Problem to solve
Please return the listing exactly as it stands, skipping any pictures.

Dataset content
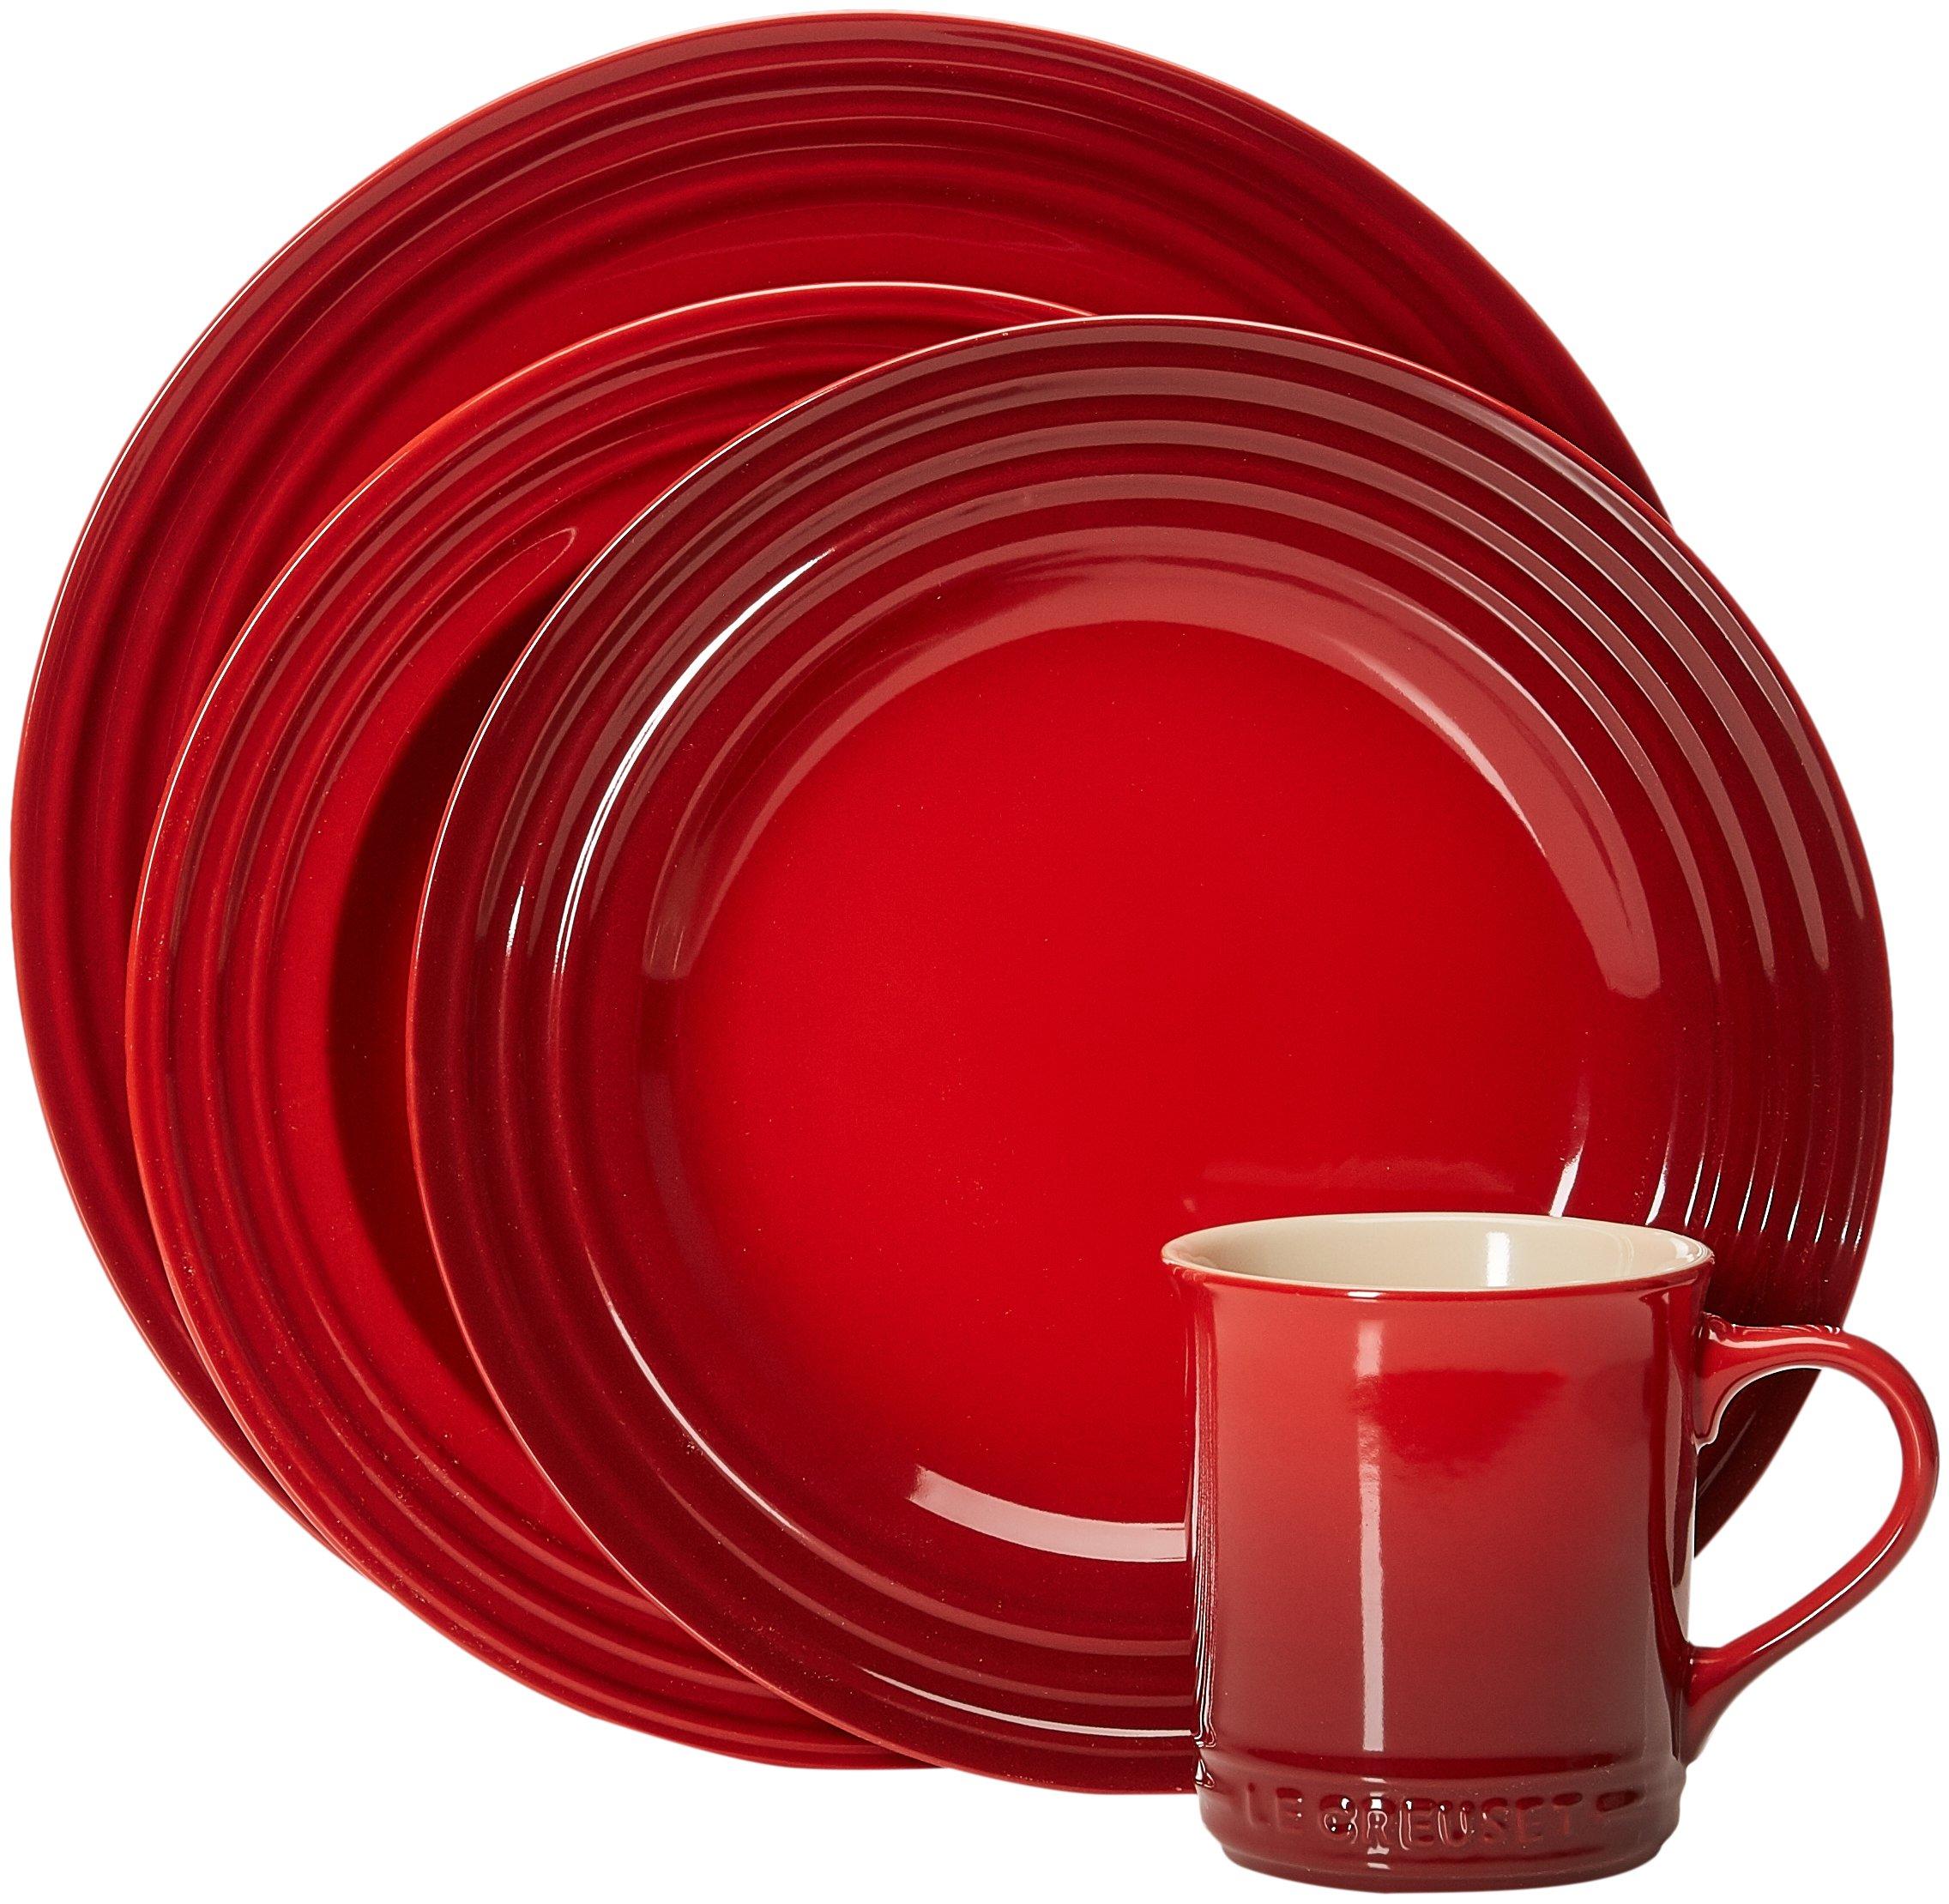 Le Creuset Stoneware 16-Piece Dinnerware Set, Cerise (Cherry Red) by Le Creuset (Image #1)
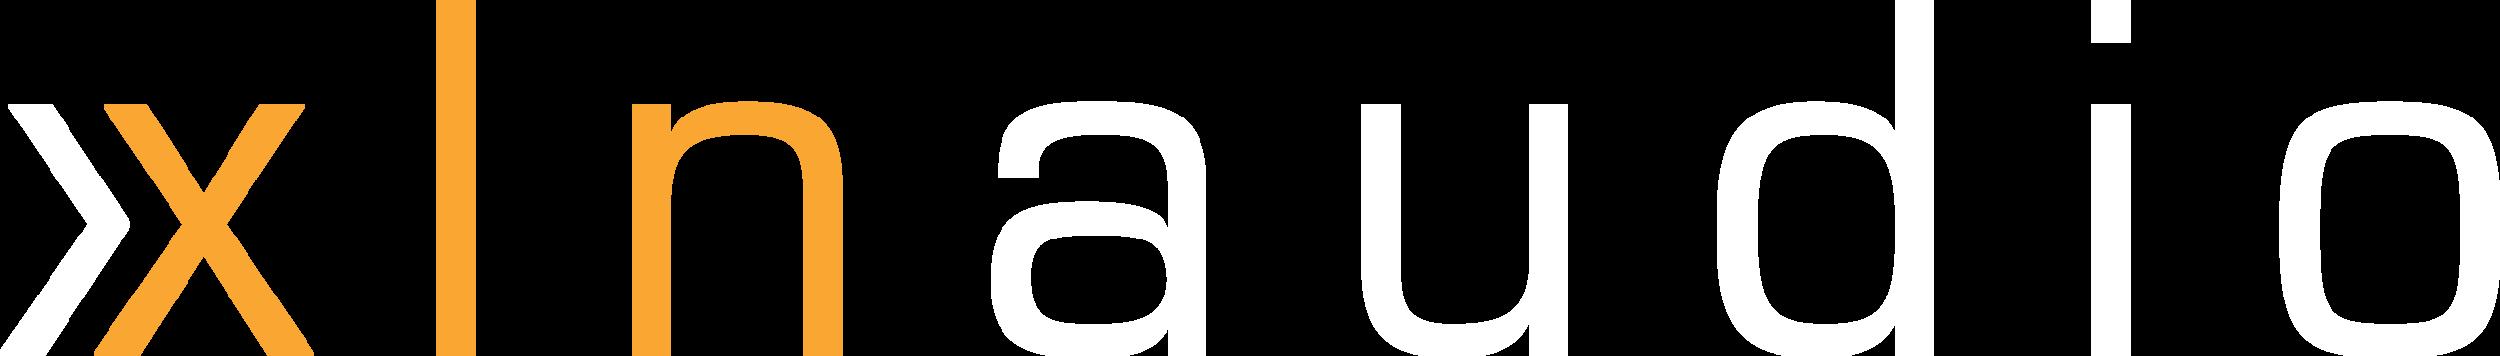 xlnaudio_logo_negative.png
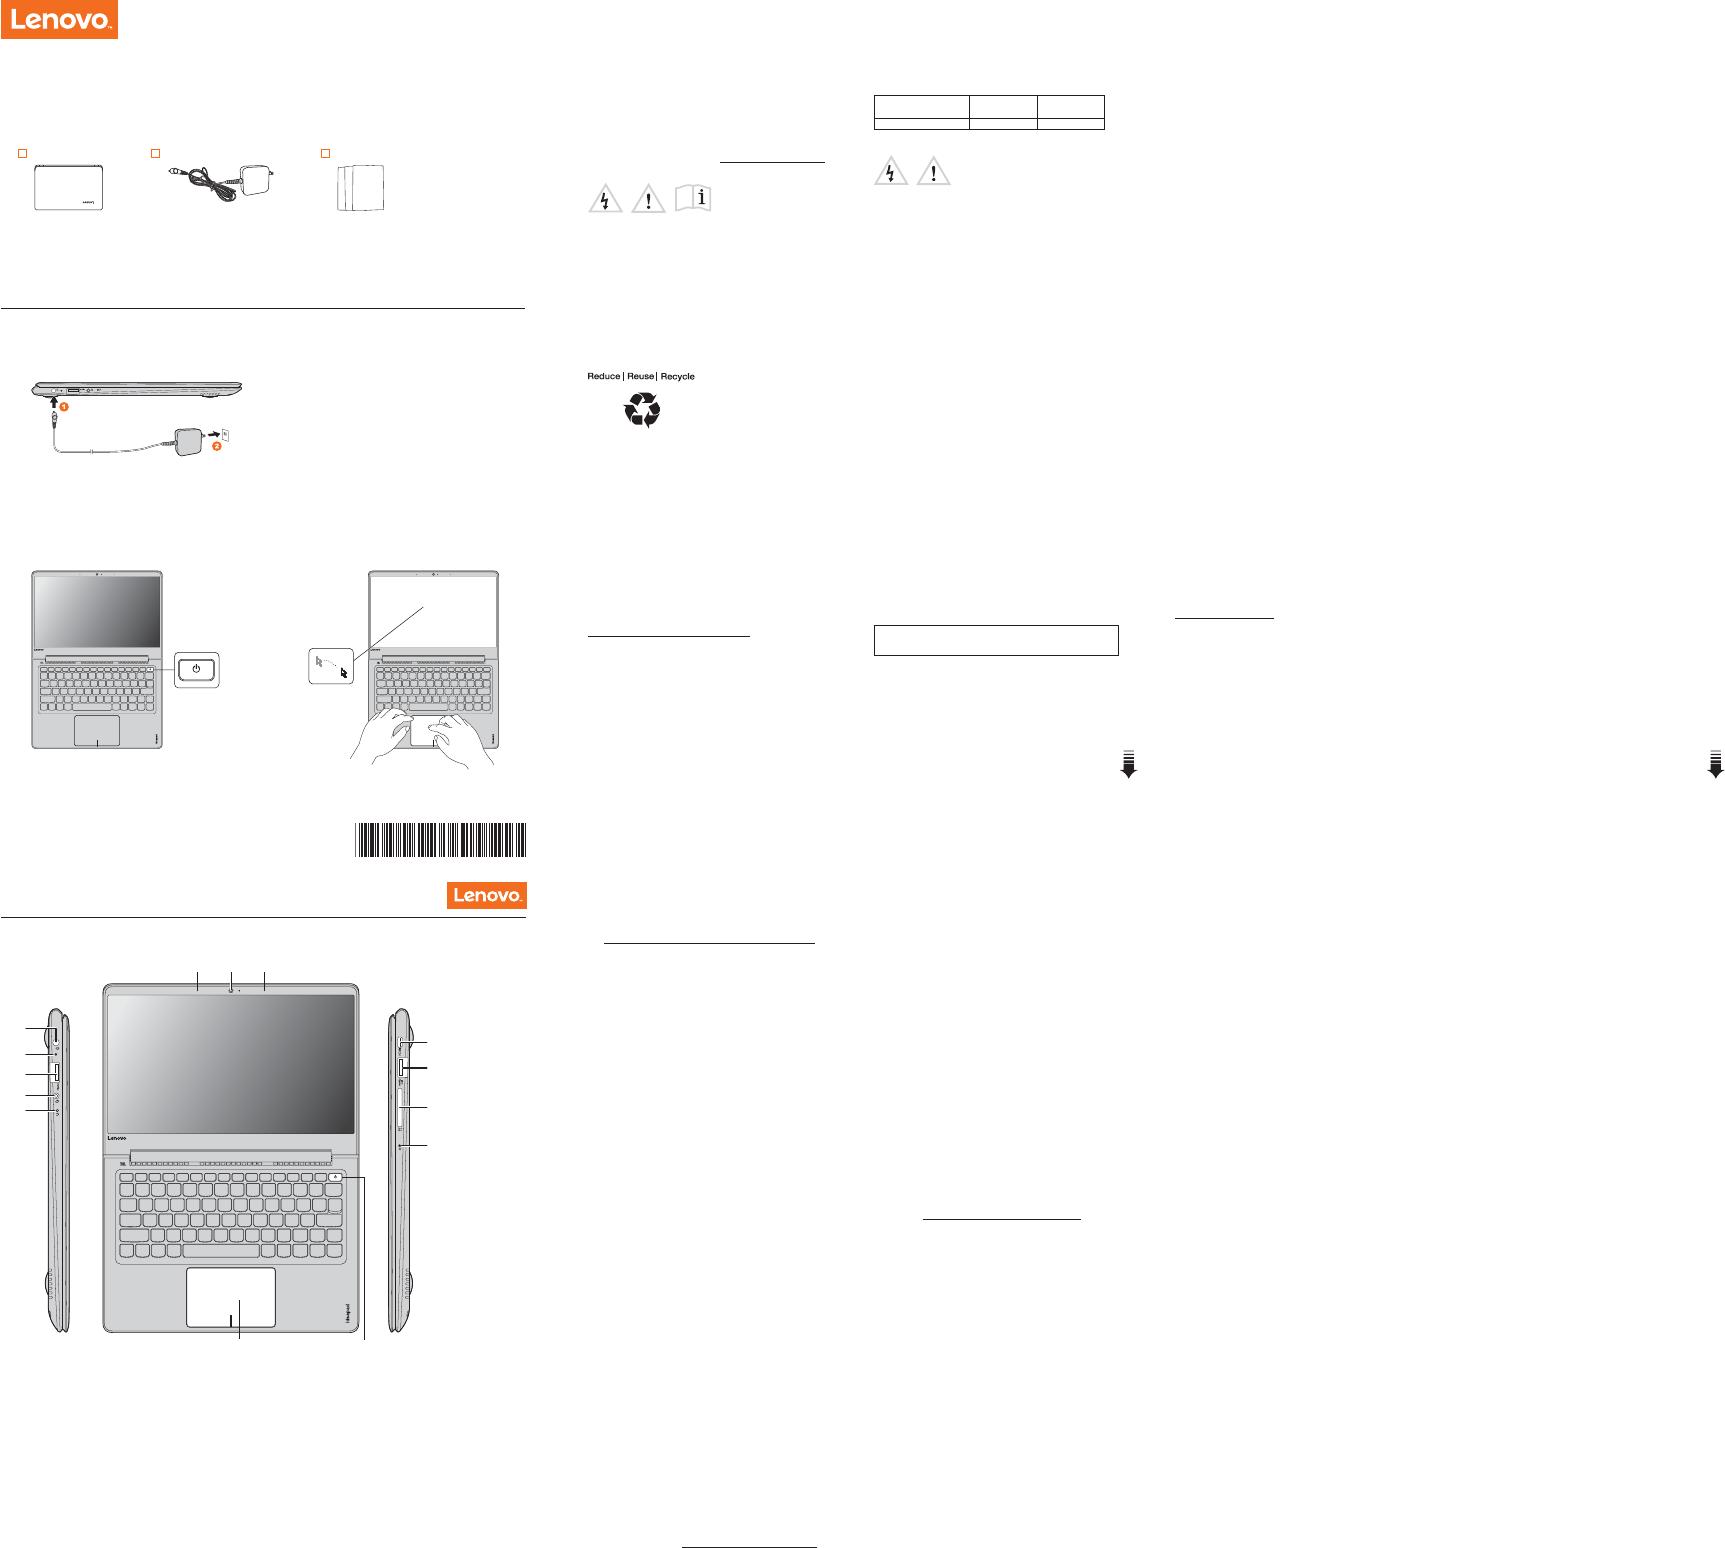 Lenovo Ideapad 710S 13Ikb Swsg Es 201608 User Manual

Answer area
 Le Creuset Stoneware 16-Piece Dinnerware Set, Cerise (Cherry Red) by Le Creuset (Image #1)
 xlnaudio_logo_negative.png
 Lenovo Ideapad 710S 13Ikb Swsg Es 201608 User Manual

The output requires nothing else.